Your approach requires to have the wallet policy at hand, whereas mine can be used on any wallet-policy-compatible descriptor. I think it’s a nice property to have.
The _
placeholder would be a wallet policy feature, so expecting to have the wallet policy seems a natural assumption, and I don’t think the standard should be optimized for “not having it”.
Other orders push code complexity to the hardware signer, that will now have to add more code to parse the “descriptor template” just to find the right order of keys.
Finally, a wallet policy might have the same @i
multiple times (especially on taproot); in your version you’d either be concatenating the corresponding pubkey multiple times, or would need a stateful parser to skip the ones that have been seen already.

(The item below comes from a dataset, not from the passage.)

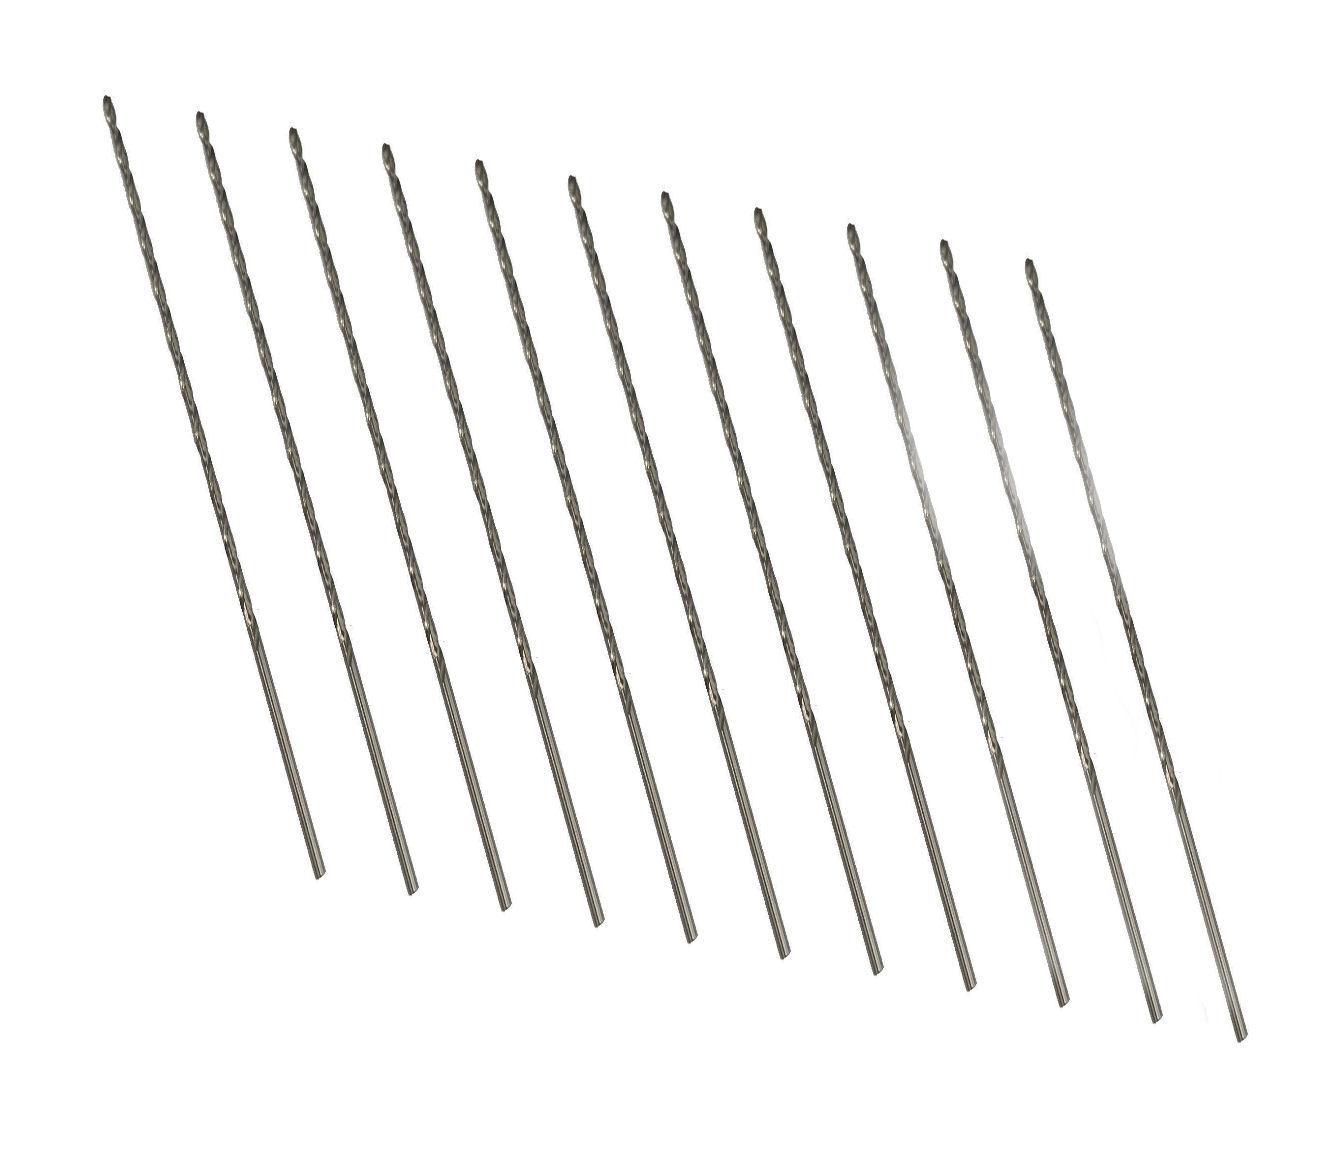 number 29 drill bit diameter

An issue with using left-to-right is that it makes sortedmulti_a
depend on the order of keys added now.
A sortedmulti_a(k,KEY_1,KEY_2,...,KEY_N)
descriptor is identical to sortedmulti_a(k,KEY_N,KEY_N-1,...,KEY_1)
, but this will create a different chaincode with this approach.
I agree with @andrewtoth that it would be most beneficial if the chain code would be derived from the XPUBs independently of their order. It would alleviate the issue of whether the wallet policy order or the descriptor order should be used, as well as the mentioned surprising behavior with sortedmulti_a
.
I see three possible approaches to achieve this:
- Sort the XPUBs, then hash the sorted and concatenated list.
- Hash each XPUB, then XOR the results. (Problem: repeated XPUBs would cancel out. I suppose that may happen in more complex descriptors/policies.)
- Hash each XPUB, then add the results mod 2^256. (Repeated XPUBs don’t cancel out.)
Instead of XPUBs it may be simpler to work with only a part of the XPUB, i.e. the compressed public key, as @AntoineP did, or with the chain code. In fact, I think the chain code could be used directly in options 2 or 3 without hashing it, i.e. just a XOR-sum of the chain codes or a mod 2^256 sum of the chain codes. That would make for a very simple implementation. A potential risk of not hashing is that a malicious participant could craft the chain code in their XPUB so that it cancels out with the other participants to force the result to a desired value. However, such a malicious participant could just as well publish the dummy XPUB to achieve the same goal, so I don’t see a problem with a simple sum of the chain codes.
To ensure smooth interoperability amongst different wallets, it would be very helpful if we could agree on standardizing unspend()
with deterministic HEXCHAINCODE
.
I think publishing the dummy XPUB out of band to interested parties is not exactly the same goal as making the dummy XPUB obvious to any observer of the transaction.